石川県七尾市で90年以上続く老舗の日本茶専門店。2024年の地震で被災し、後継者不足にも直面する中、事業承継という形で歴史ある店を残すことが決まり、20日、引き継ぎ式が行われました。
【写真を見る】能登半島地震で全壊 石川・七尾市の創業93年の国の登録有形文化財の茶店がシェアハウスとして事業承継
七尾市の一本杉通りにある創業93年の「北島屋茶店」。明治後期に建てられた店舗は国の登録有形文化財にも指定されています。
その店を1人で切り盛りするのは店主の北林昌之さん86歳。石臼を使ったお茶挽き体験は多い時に90人の予約が入るなど観光客にも人気でしたが…
北林昌之さん「ここと、この柱で助かっとる」
2024年の能登半島地震で店は全壊。
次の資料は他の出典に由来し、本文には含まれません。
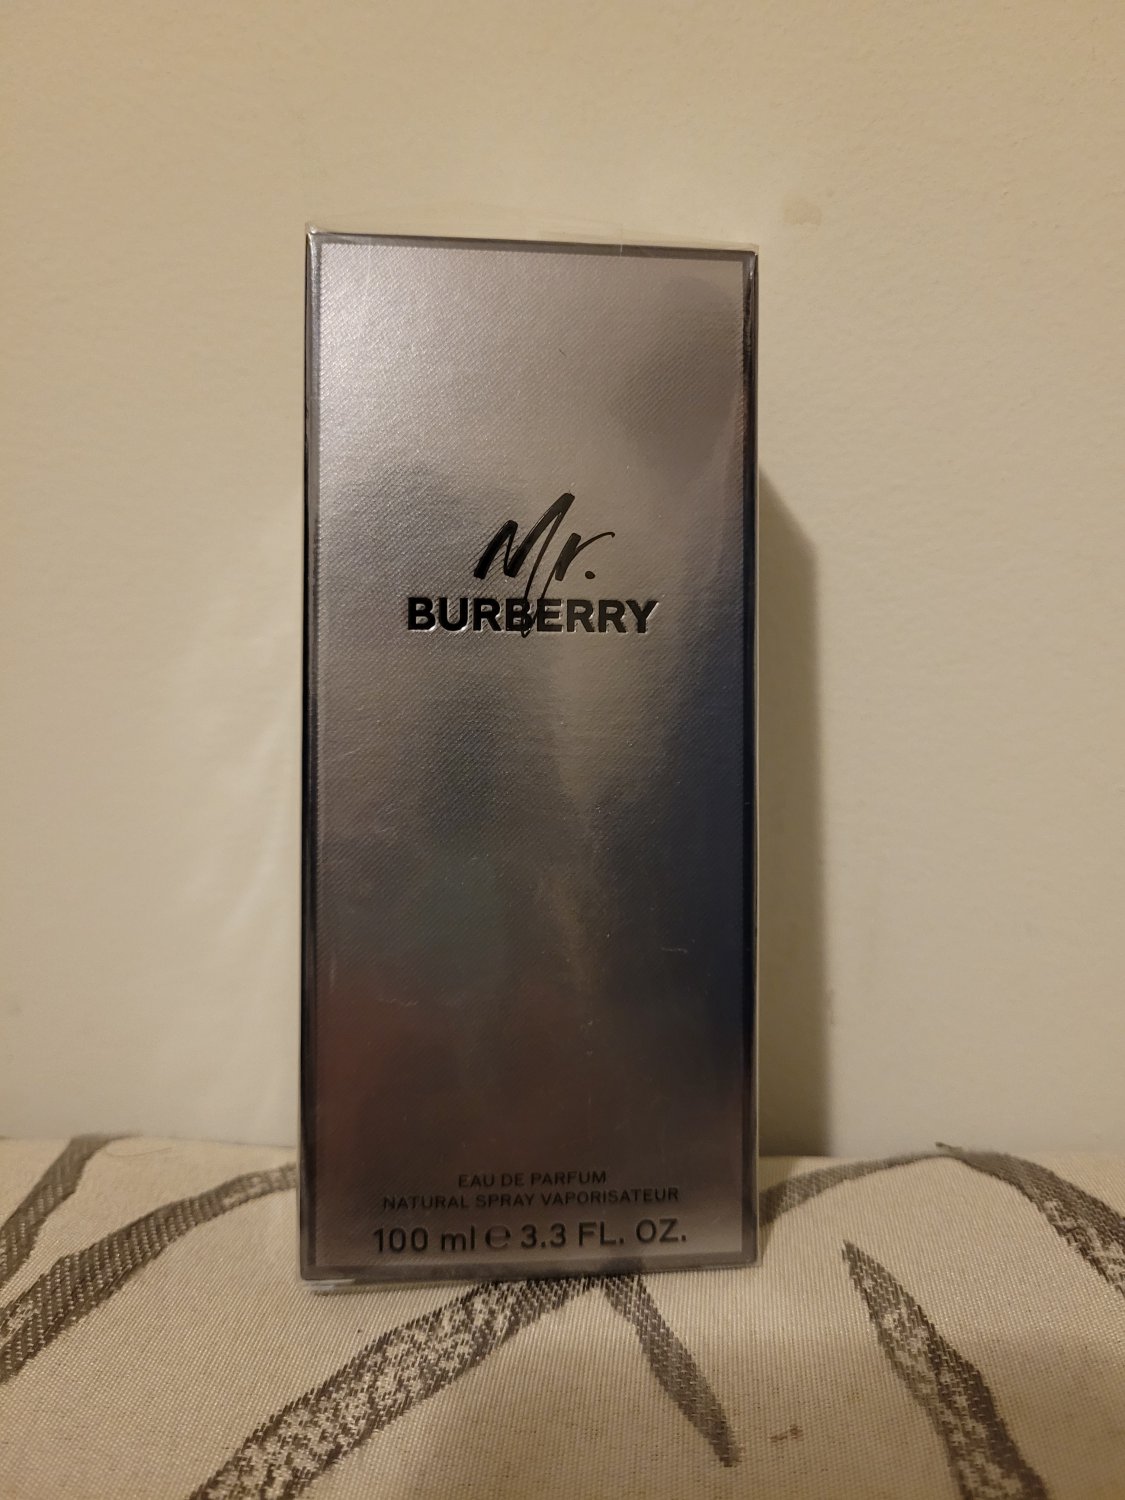 Mr. Burberry by Burberry for Men 3.3 oz Eau de Parfum Spray

2階部分の床が落ち1階にある棚が天井を支えた事でなんとか倒壊は免れましたが、地震以降、ほとんど営業ができなくなりました。
北林さん(事業継承を思った理由)「これ(店が)朽ちてかたがったりしたら通りの皆さんに迷惑をかける。みんなに迷惑をかけるもんで、登録文化財でもあるもんで、残せればよいなと思って」
息子を5年前に亡くし、自身も86歳と高齢の北林さん。地元の商工会議所や市などに事業を引き継ぎたいと相談したところ、能登地区で事業承継に取り組む「ノトツグ」が北島屋茶店を引き継ぐ事になりました。
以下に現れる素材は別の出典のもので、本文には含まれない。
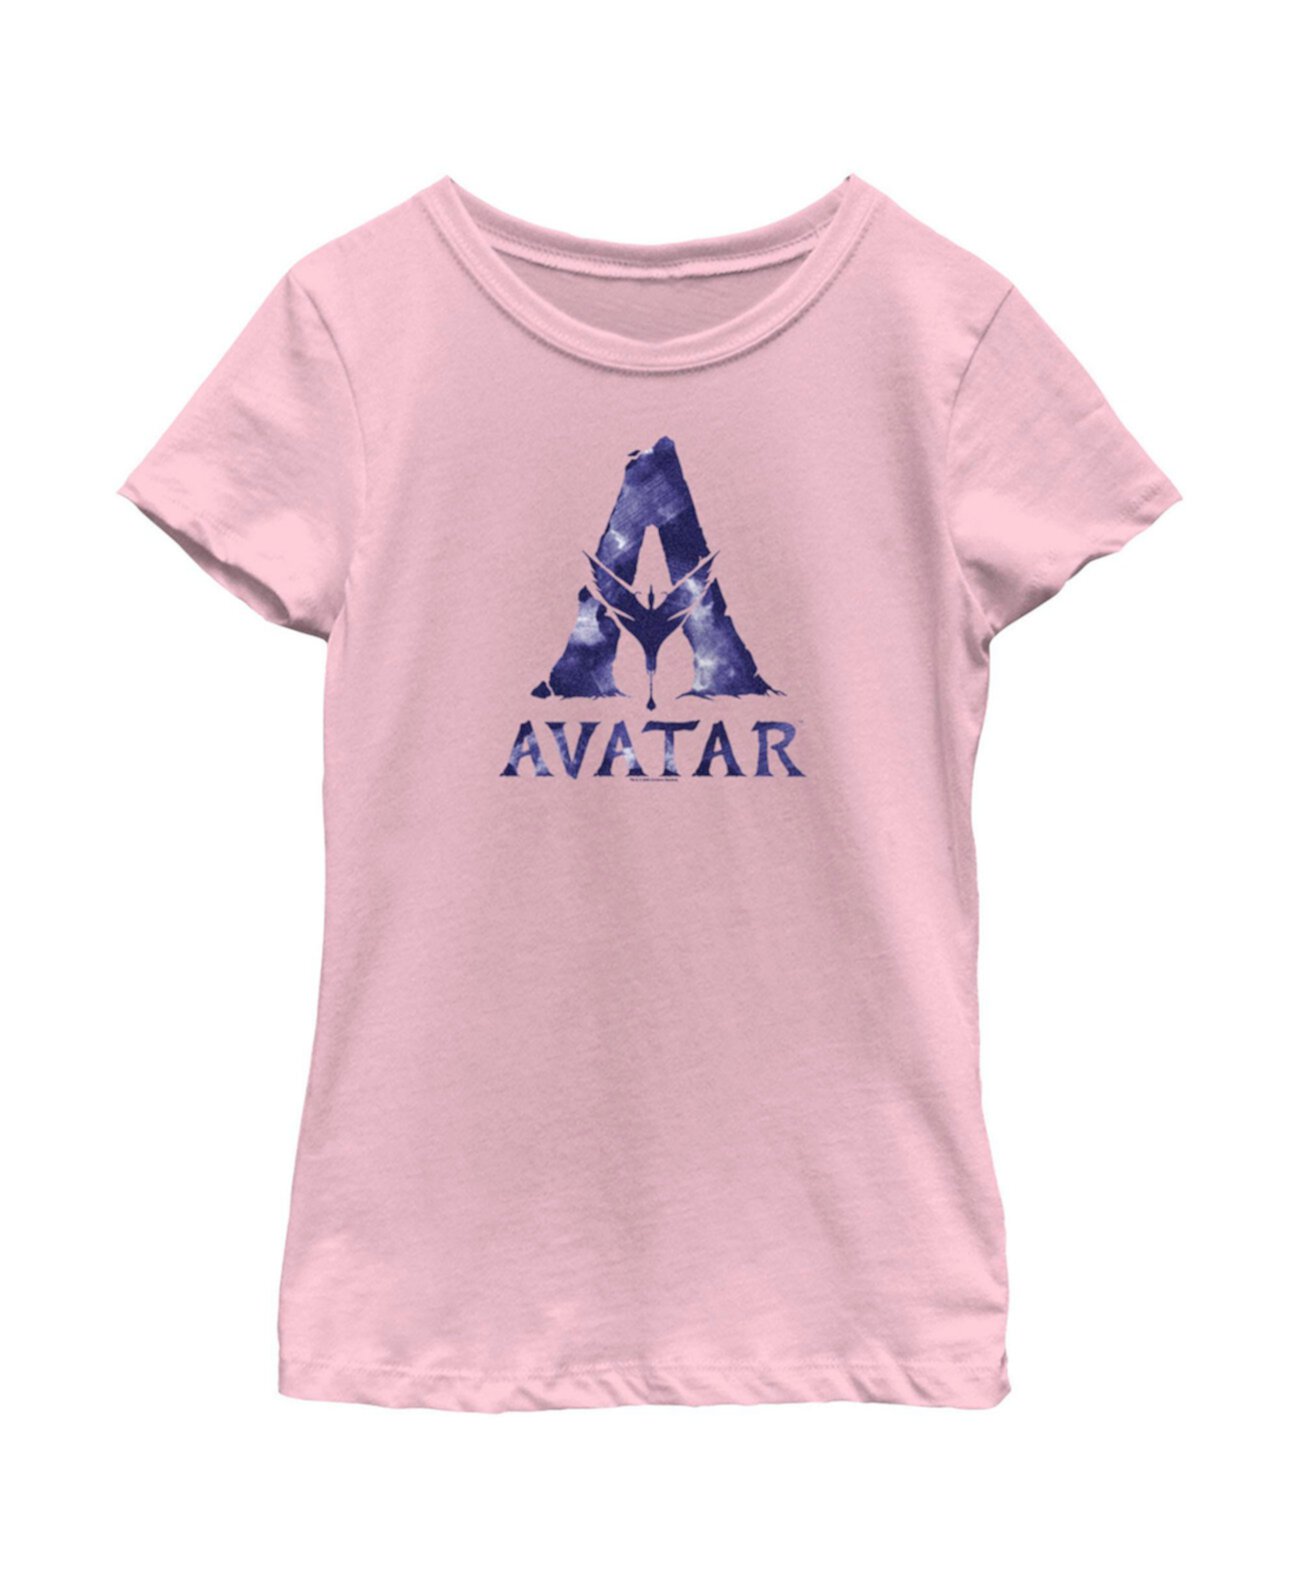 Аватар для девочек, акварель, детская футболка с логотипом 20th Century Fox

■「いつまでも頭に残っていたから。何とかならんかなと正味考えていた」
北林さん「ホッとしたわいね。なんせいつまでも頭に残っていたから、ポックリいったら最後まで言われたら困るなと、何とかならんかなと正味考えていた。こんな良い話が来るとは思わなかった」
そして20日、スーツに身を包み、引き継ぎ式に出席した北林さん。ノトツグのメンバーや、再建をサポートする地元商工会や金融機関など大勢の人が集まりました。
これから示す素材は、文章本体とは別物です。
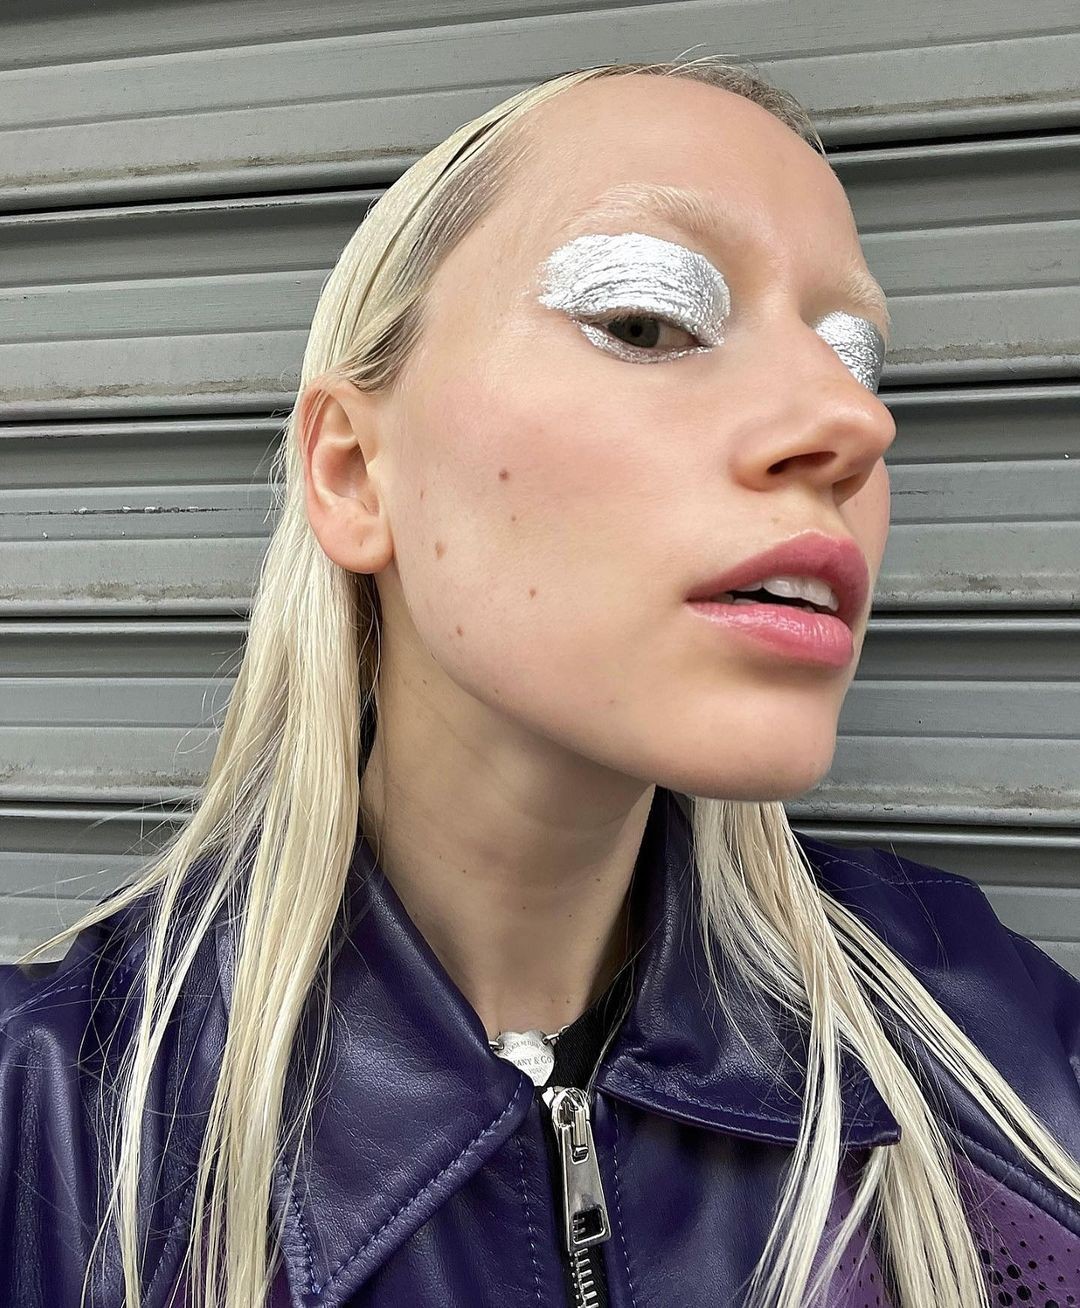 Maquiagem com glitter — Foto: Instagram/ Reprodução

北林さん「北島屋茶店もノトツグさんのおかげで全部残る。これもひとえに、皆さんのおかげ」
ノトツグは、築120年以上の歴史ある建物を再建し、北島屋の屋号や抹茶挽き体験を残しながら、新たにシェアハウスとしても活用することにしています。
ノトツグ・友田景代表「街並みを残すという事は、一旦壊すと難しいと思うので、街並みの良さ、一本杉の良さを残しながら、次の世代にどうやって残すのかを考えていますので・先を見据えながらどういう風に引き継いでいくのか凄い長い目線で考えていきたい」
北島屋茶店は2026年11月から改修工事を行い、2027年春から夏を目途に茶屋とシェアハウスとして営業を再開する予定です。